А.У.: Я вырос в советской, русскоязычной семье, и для меня декоммунизация стала продолжением моего исключения из Украины. Сначала нам говорили: «Потерпите, ведь мы так страдали». Затем, окрепнув, начали говорить: «Пошли вон» – используя социальную динамику прошлого для обоснования и своего произвола, и того, что произвола якобы нет. Тенденция к вытеснению «неправильных украинцев» и жуткий концепт «титульной нации» превратили миллионы людей в граждан второго сорта.

Борьба с национализмом, декоммунизацией и питающей их рыночной империей является для меня борьбой за человеческое достоинство, социальную инклюзию и общество разных. Все, для чего у противников разнообразия и рабочего класса есть гнусное словечко, будь то «вата» или «пидор», я объявляю своим. И если кому-то хочется отбросить советский период как чужой, изгнать из себя все «кацапское», растоптать на глазах у барина культуру твоих родителей, то я, наоборот, принимаю все это как ингредиенты своего материала. Они для меня куда более привлекательны, чем все, что предлагает нынешний украинский дискурс, где таким, как я, просто нет места.

В.Я.: Расскажи подробнее, как драматический опыт политической эмиграции и жизнь в США поменяли твое мировоззрение.
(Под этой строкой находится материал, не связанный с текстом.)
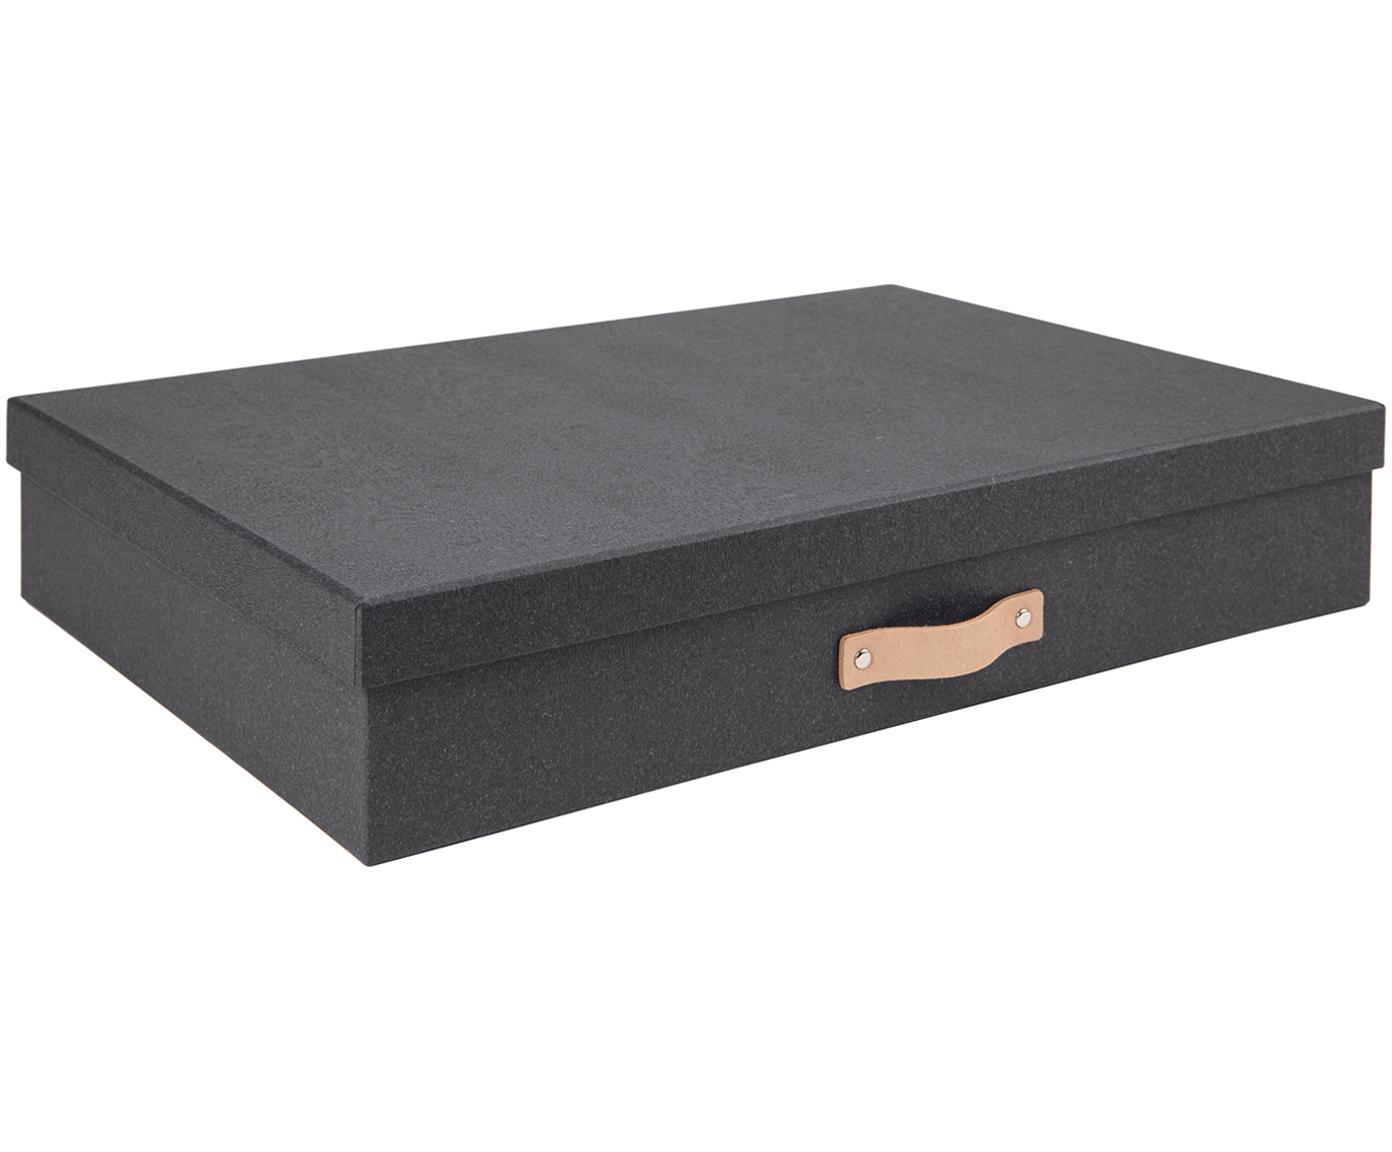 Caja Sverker II, Asa: cuero, Exterior: negro Interior: negro Asa: beige, An 44 x Al 9 cm

А.У.: Я не считал, что бегу в рай, но бежал все же в «столицу мира», в Новый Вавилон, который только что избрал первого черного президента и на фоне Украины выглядел звездолетом. Несмотря на то что я и тогда критически относился к внешней политике США, либерал виделся мне меньшим злом, чем националист, а США – меньшим злом, чем Россия с ее скрепами и борцами с «пропагандой гомосексуализма». Родственной взаимосвязи между украинским национализмом, российской автократией и неолиберальным империализмом я тогда еще не сознавал.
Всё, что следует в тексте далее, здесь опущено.